**Data extract**

*** Begin section ***

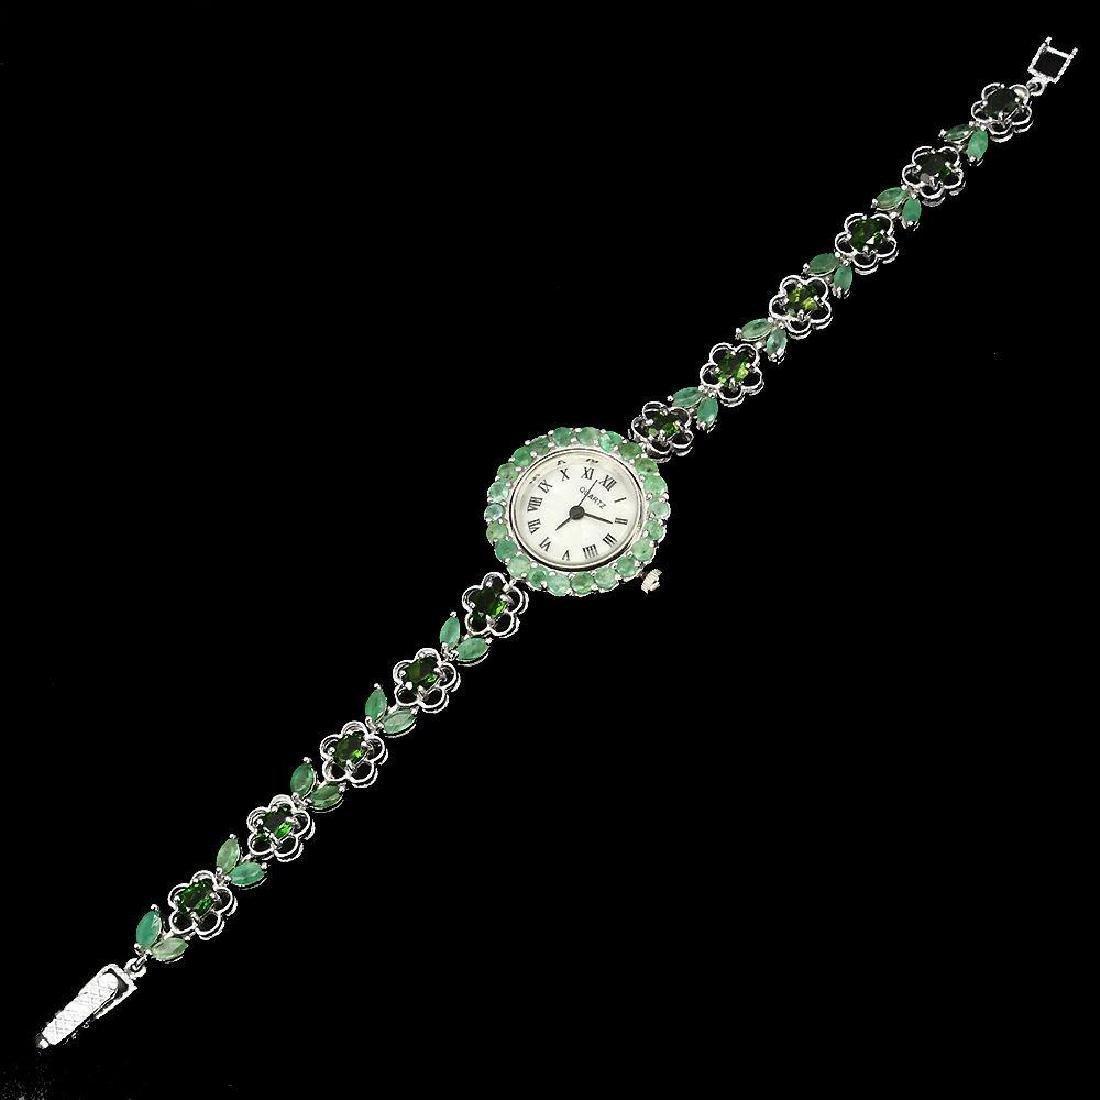 Sterling Silver Emerald & Tourmaline Watch, 8.11ctw - 3
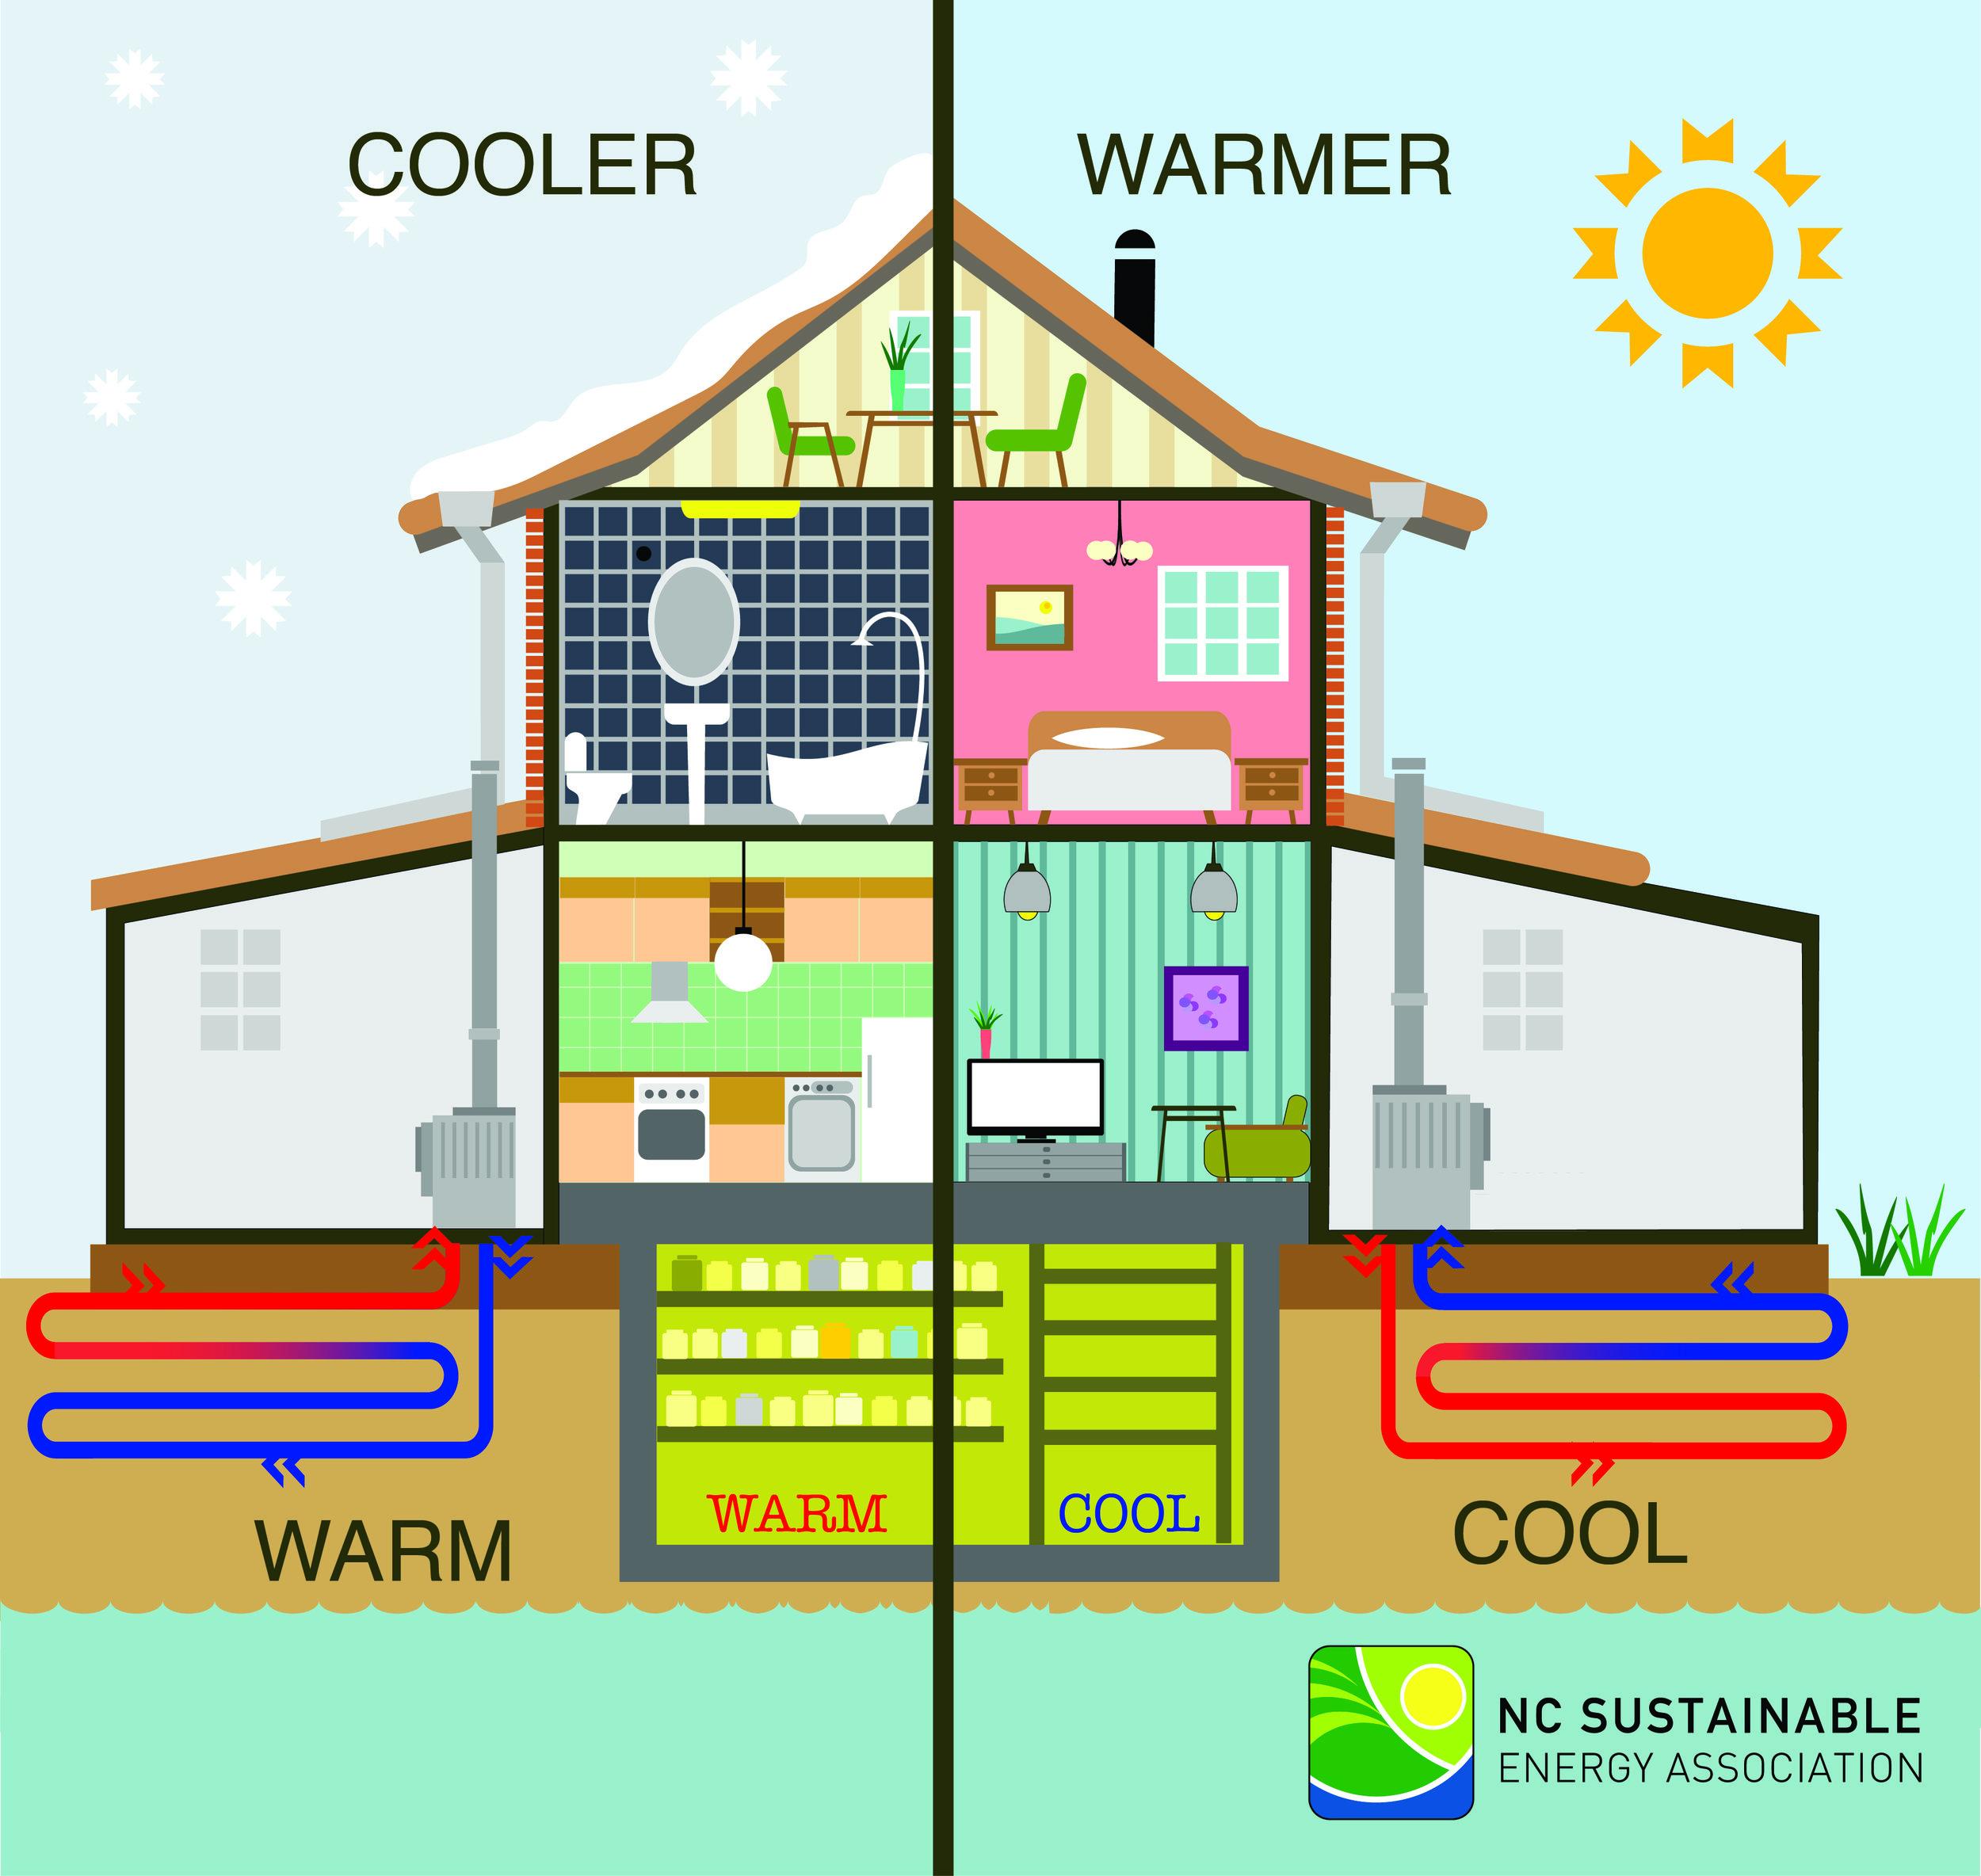 How Geothermal systems work, via www.energync.org
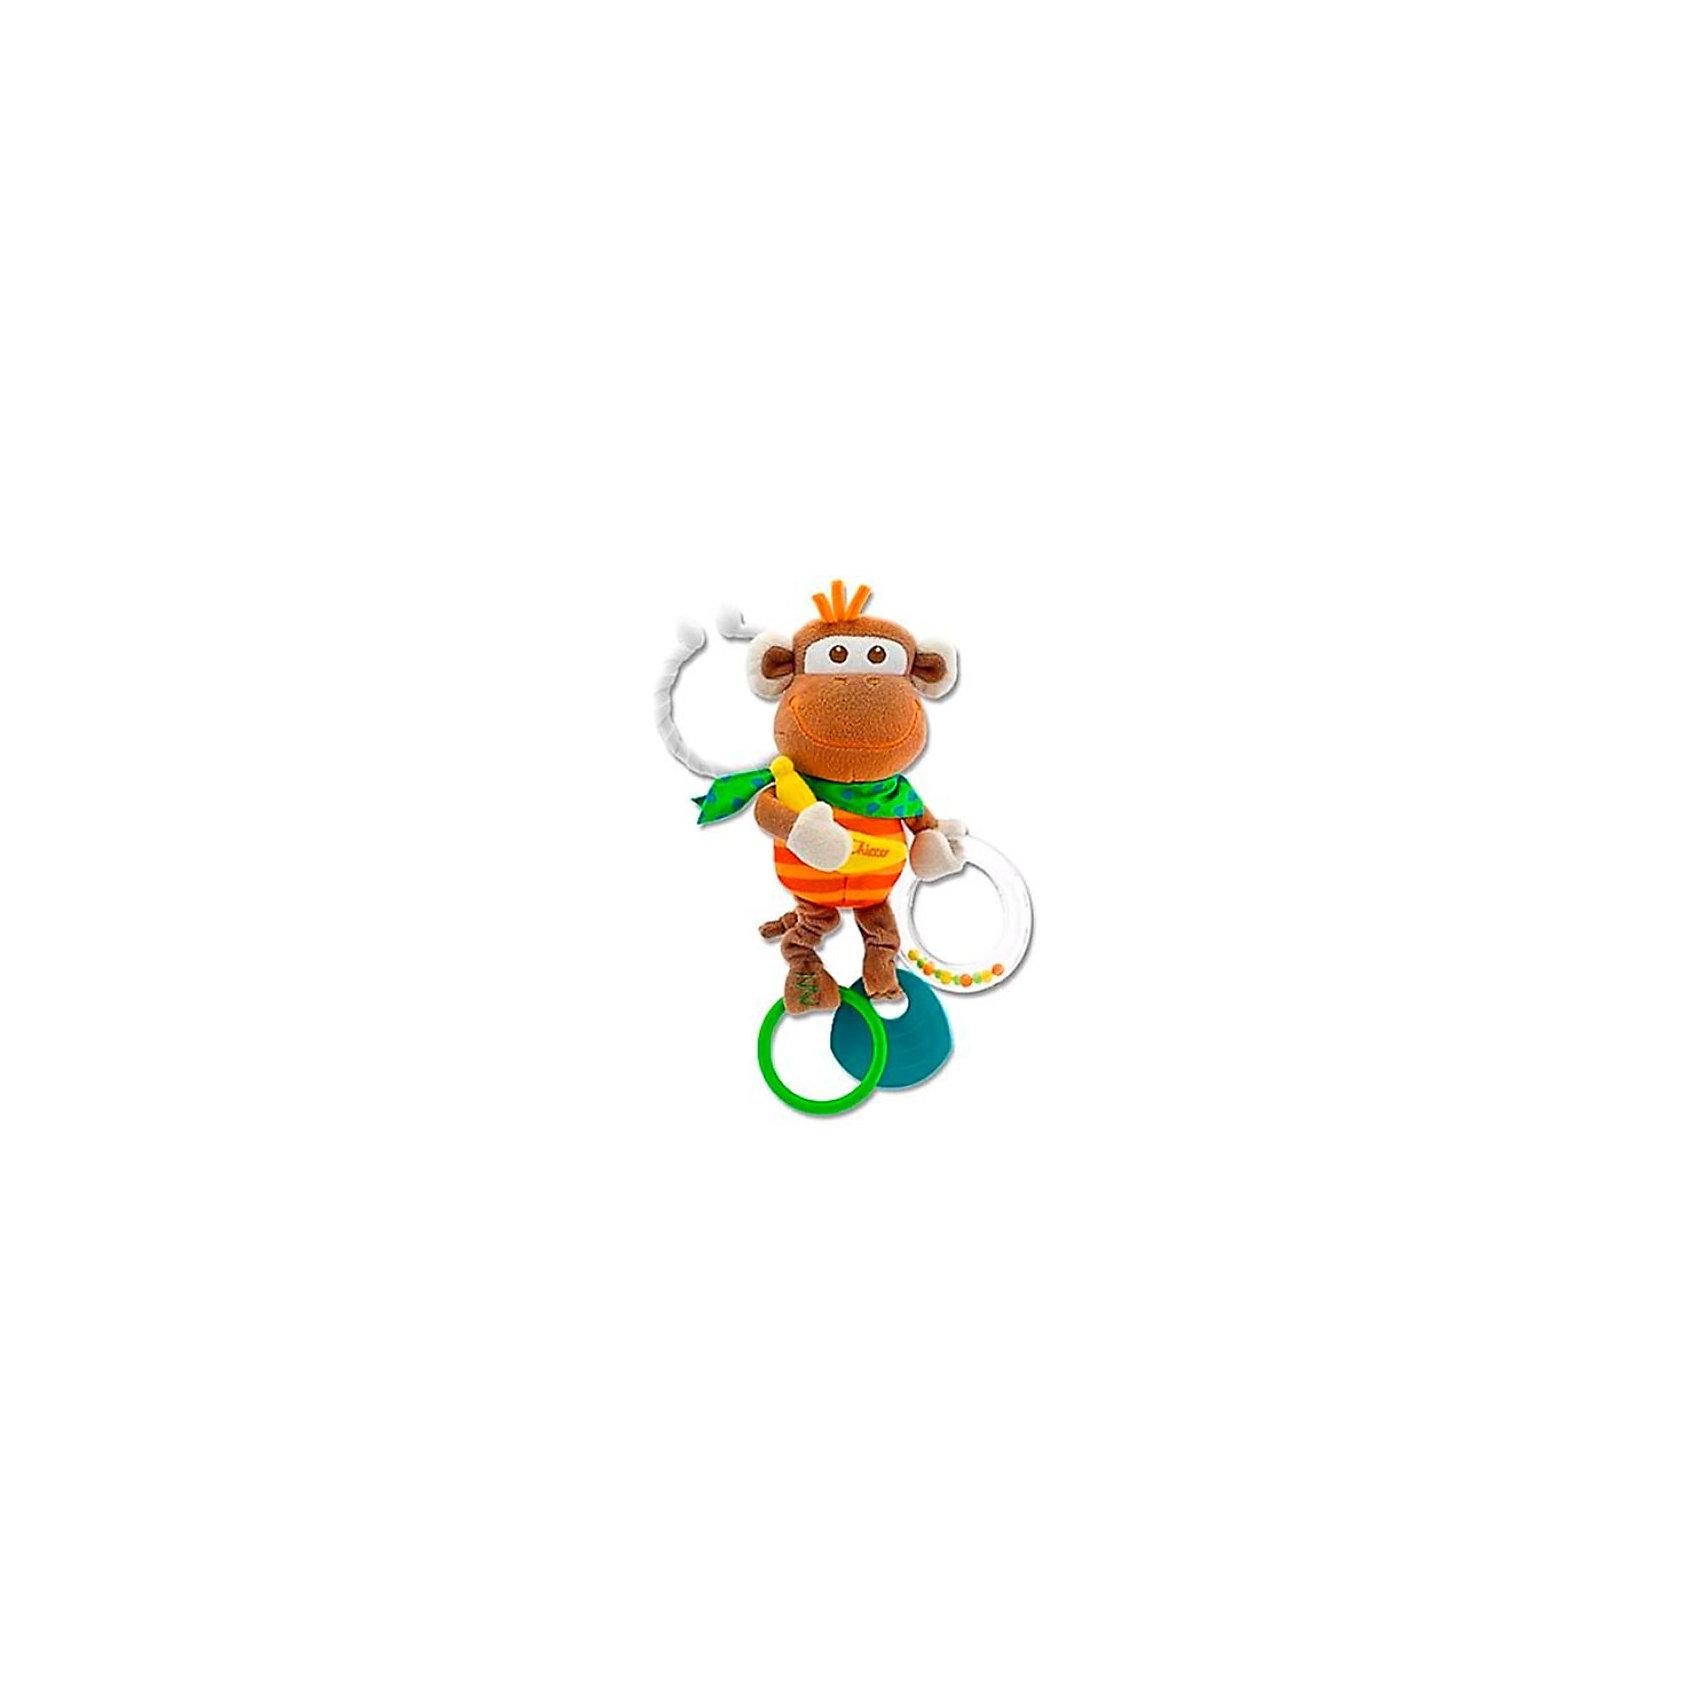 CHICCO Развивающая игрушка «Обезьянка», Chicco пуффи сув обезьянка с сердцем

*** End section ***

**Your goal**
The full listing must come back exactly as written, with its pictures left out.

**The answer**
 Sterling Silver Emerald & Tourmaline Watch, 8.11ctw - 3
 How Geothermal systems work, via www.energync.org
 CHICCO Развивающая игрушка «Обезьянка», Chicco пуффи сув обезьянка с сердцем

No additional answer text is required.